Crawling

Before a page can be indexed, and therefore appear within search results, it must be crawled by search engine crawlers, like Googlebot. There are many things to consider in order to get pages crawled and ensure they are adhering to the correct guidelines. These are covered within our Hangout Notes, as well as further research and recommendations.

Algorithm Changes May Result in Changes to Crawl Rate

February 21, 2020 Source

The number of pages which Google wants to crawl may change during algorithm changes, which may be due to some pages being considered less important to show in search results, or from crawling optimization improvements.


Specify Timezone Formats Consistently Across Site & Sitemaps

February 18, 2020 Source

Google is able to understand different timezone formats, for example, UTC vs GMT. However, it’s important to use one timezone format consistently across a site and its sitemaps to avoid confusing Google.


If a Robots.txt File Returns a Server Error for a Brief Period of Time Google Will Not Crawl Anything From the Site

January 31, 2020 Source

If a robots.txt file returns a server error for a brief period of time Google will not crawl anything from the website until they are able to access it and crawl normally again. During the period of time where they are blocked from reaching the file they would assume all URLs are blocked and would therefore flag this in GSC. You can use the robots.txt request in your server logs to identify where this has occurred by reviewing the response size and code that was returned during each request.


It is Normal for Google to Occassionally Crawl Old URLs

January 31, 2020 Source

Due to their rendering processes, Google will occasionally re-crawl old URLs in order to check their set up. You may see this within your log files, but it is normal and will not cause any problems.

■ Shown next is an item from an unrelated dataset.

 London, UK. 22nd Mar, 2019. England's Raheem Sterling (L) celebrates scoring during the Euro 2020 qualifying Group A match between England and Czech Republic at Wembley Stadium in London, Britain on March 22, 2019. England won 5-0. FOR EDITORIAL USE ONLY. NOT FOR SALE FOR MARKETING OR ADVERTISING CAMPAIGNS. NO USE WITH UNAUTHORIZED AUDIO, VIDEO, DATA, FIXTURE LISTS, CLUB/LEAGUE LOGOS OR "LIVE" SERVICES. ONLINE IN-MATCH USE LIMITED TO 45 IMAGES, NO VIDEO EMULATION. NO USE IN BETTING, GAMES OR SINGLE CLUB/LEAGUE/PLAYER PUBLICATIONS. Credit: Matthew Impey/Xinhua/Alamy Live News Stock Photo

Having a Reasonable Amount of HTML Comments Has No Effect on SEO

January 24, 2020 Source

Comments within the HTML of a page do not have any effect on SEO unless there is a large amount, as they can make it difficult for Google to figure out where the content is and may impact the size and speed of the page. However, John confirmed he has never come across a page where HTML comments have been a problem.

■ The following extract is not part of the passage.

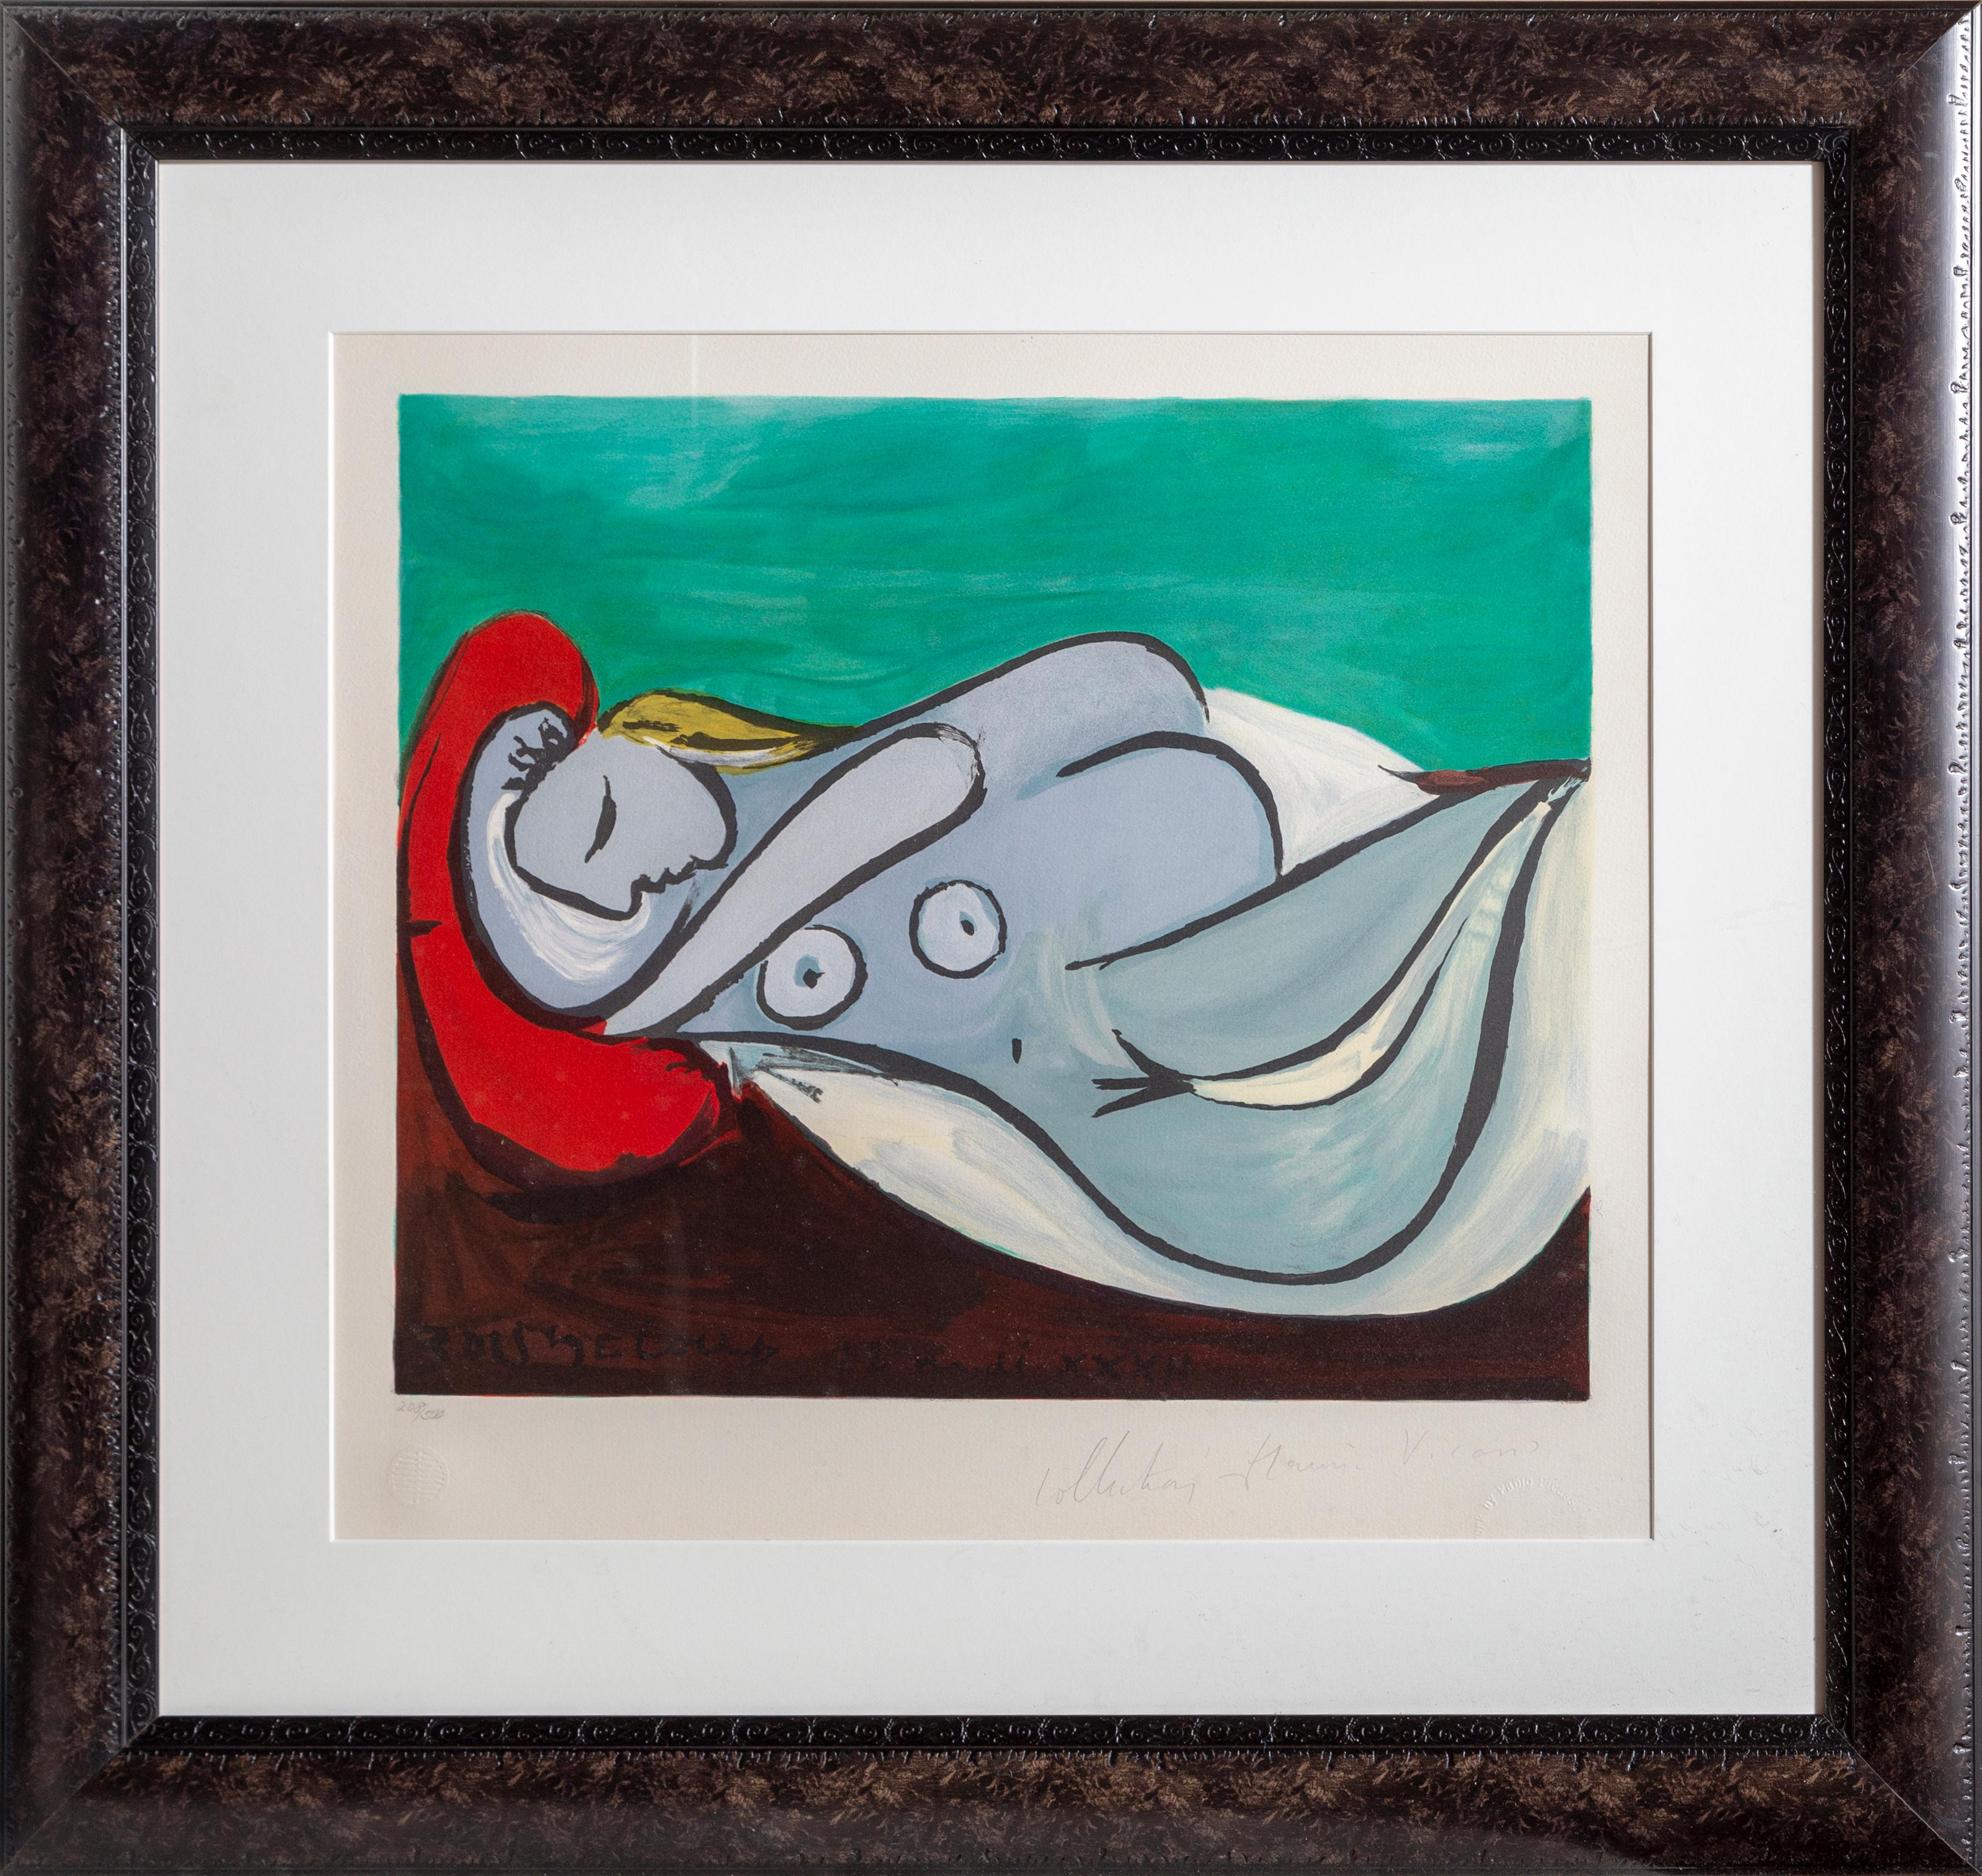 A lithograph from the Marina Picasso Estate Collection after the Pablo Picasso painting "Formeuse a l'Oreiller (Marie-Therese Walter)".  The original painting was completed in 1932. In the 1970's after Picasso's death, Marina Picasso, his

Upper Limit For Recrawling Pages is Six Months

January 22, 2020 Source

Google tends to recrawl pages at least once every six months as an upper limit.


Google is Able to Display Structured Data Results as Soon as the Page Has Been Re-crawled

January 10, 2020 Source

After configuring pages to send structured data to Google, it will be able to display the structured data results the next time it crawls and indexes that page.


Google Still Respects the Meta Robots Unavailable After Directive

January 10, 2020 Source

Google still respects the meta robots unavailable_after directive, this is used to specify a date when a page will no longer be available. John explained that it is likely their systems will recrawl the page around the date specified in order to make sure they are not just removing pages from the index that are still available.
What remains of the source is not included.